My Creative Approach

How I Think About Photography

Where to Point Your Camera

We are all tempted (and encouraged) to think of photography in terms of “genre”.  But I believe photography is essentially opportunistic.  I think most (if not all) photographers start with a subject that calls to them…some serendipitous event or thing that grabs their attention.  It could be a beautiful bird, a play of light and shadow on a building, a fascinating stranger, or even a tragic event.   And once we shoot, we start a feedback loop of sorts.  If we like what we see, we do that more, and we get better at doing it so we like it even more.  So it goes that a photographer might pick a lane, or a “genre” of specialty.  And the community encourages this.  Conventional wisdom says that we should all be specialists in a certain genre, especially if we want to get paid for photography.  The idea is to go deep, not broad.  

I don’t follow this conventional wisdom.  Each genre teaches you critical skills which apply to other genres.  While it’s true that I have a particular passion for street photography, I’m not sure I would be much good at it if I didn’t shoot other stuff.  My experience in landscape and wildlife photography is what gave me the tools to really get meaningful images on city streets.  So I would never encourage anyone, especially at the beginner stage, to pick one genre.  

And speaking of ideas I do not agree with:  many people insist that a good photo must tell a story.  I don’t buy that.  A story requires a temporal element; a picture freezes time.  Images can be part of a larger narrative, but not every image contains a story.  To me, a photograph is not a container; it’s a window.  And what passes in the window either commands your attention, or not.  The job of the photographer is to ignite a spark of recognition by presenting a familiar thing, and simultaneously confound it with something entirely unexpected.

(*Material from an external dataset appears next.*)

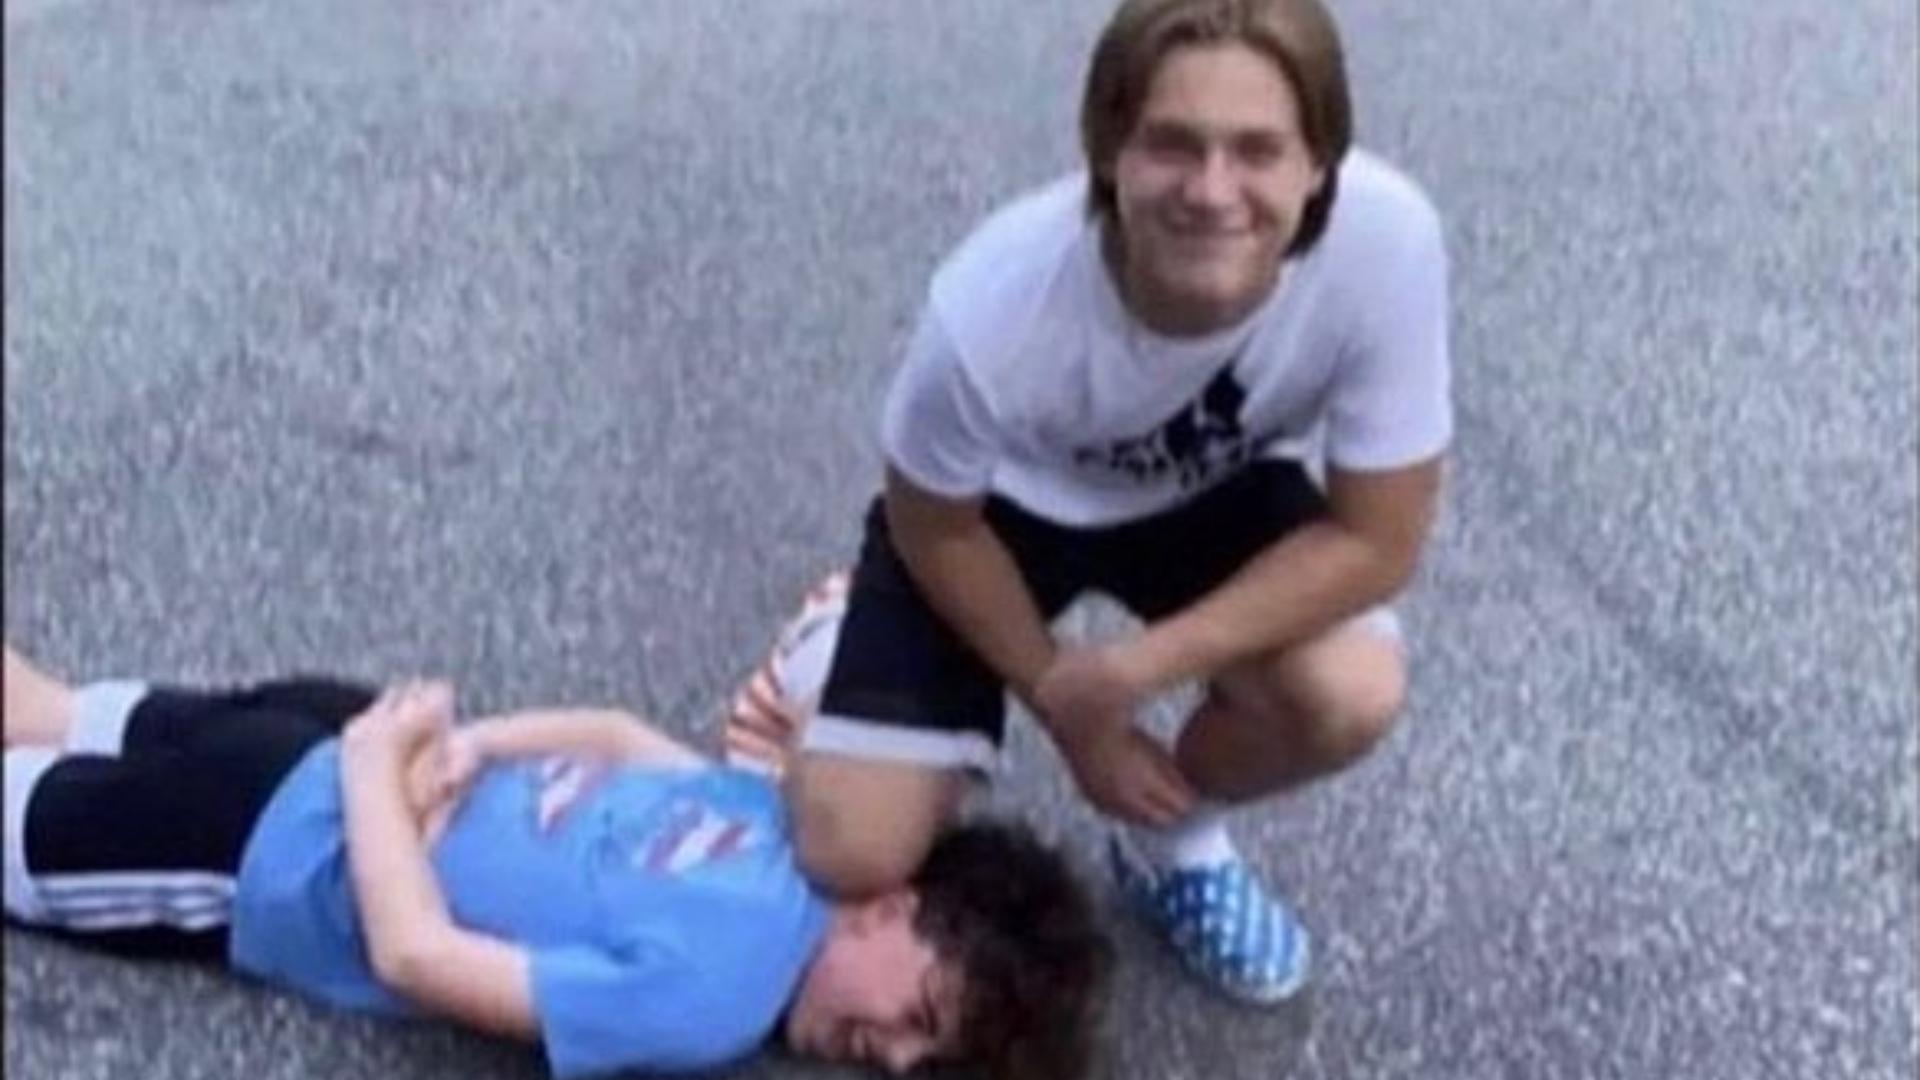 White teens start 'George Floyd' challenge mocking his death - TheGrio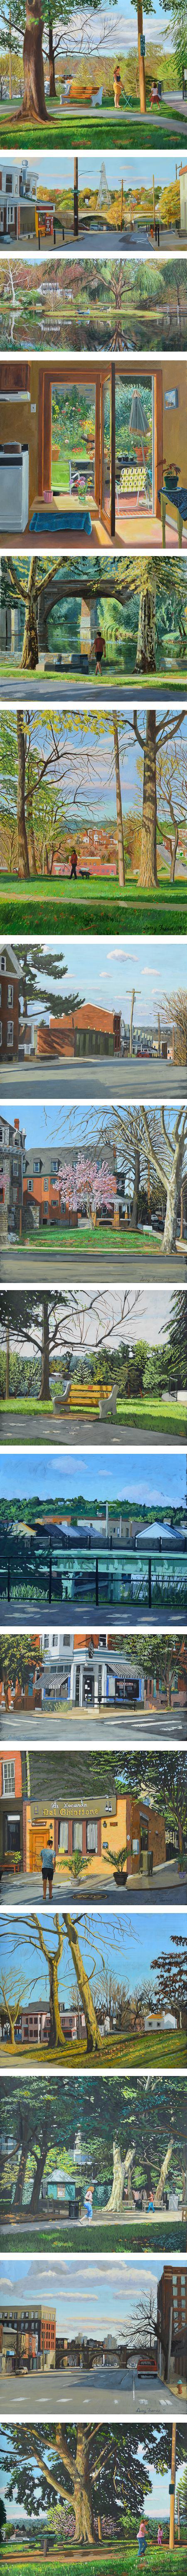 Larry Francis, Philadelphia paintings oil and gouache

This juxtaposition conveys a tension which can provoke a feeling in the viewer: humor, anger, wonder, shock, etc.  That emotional resonance is what photographer are trying to convey in their images.  A good image portrays the conventional in an unimagined way. A great image alters perception in a sense that echoes beyond its viewing.

How I look at editing photos

For me, everything is fair game when you are creating a photographic image for your own use.  I don’t make a fundamental distinction between making a photograph and making a painting.  Creators create, and what they create belongs to them.  So I don’t see any obligation to stay within implied boundaries of “realism”.  I have no compunction about editing, whether it is simply cropping and contrast adjustments or something more elaborate like doing composite work.  To me all that is perfectly fine.  But ethical considerations do creep in where photography becomes transactional.  If your image becomes a product, whether its a print for sale or a photojournalistic assignment, then you become accountable for your process.  In that situation, there is an ethical imperative to be transparent about how you get to that final image.  Failure to do that is unethical in my opinion.

All that said, my personal creative ethic, and most often my goal, is to faithfully represent what I saw when I took the photo.  However, what I see and what the camera records are almost never aligned.  That is counterintuitive to some people, who would argue that what the camera records is the most faithful representation of any scene.  But that is patently untrue and is a failure to understand how cameras and human visual systems work.  Without getting into the technical details, a camera sensor is not nearly as good as the human brain at interpreting a scene.  Everyone who takes photos has had the experience of seeing something beautiful, taking a picture, and being disappointed by the image.  This is not because you were wrong about how beautiful is was.  Its because your camera is not as good as your eyes and your brain at seeing the beauty.

So when I process photos, I am mostly trying to put back what the camera left out.  Sometimes I get there.  Sometimes I fall short and sometimes I go too far.  But the ethic is constant while the output remains a work in progress.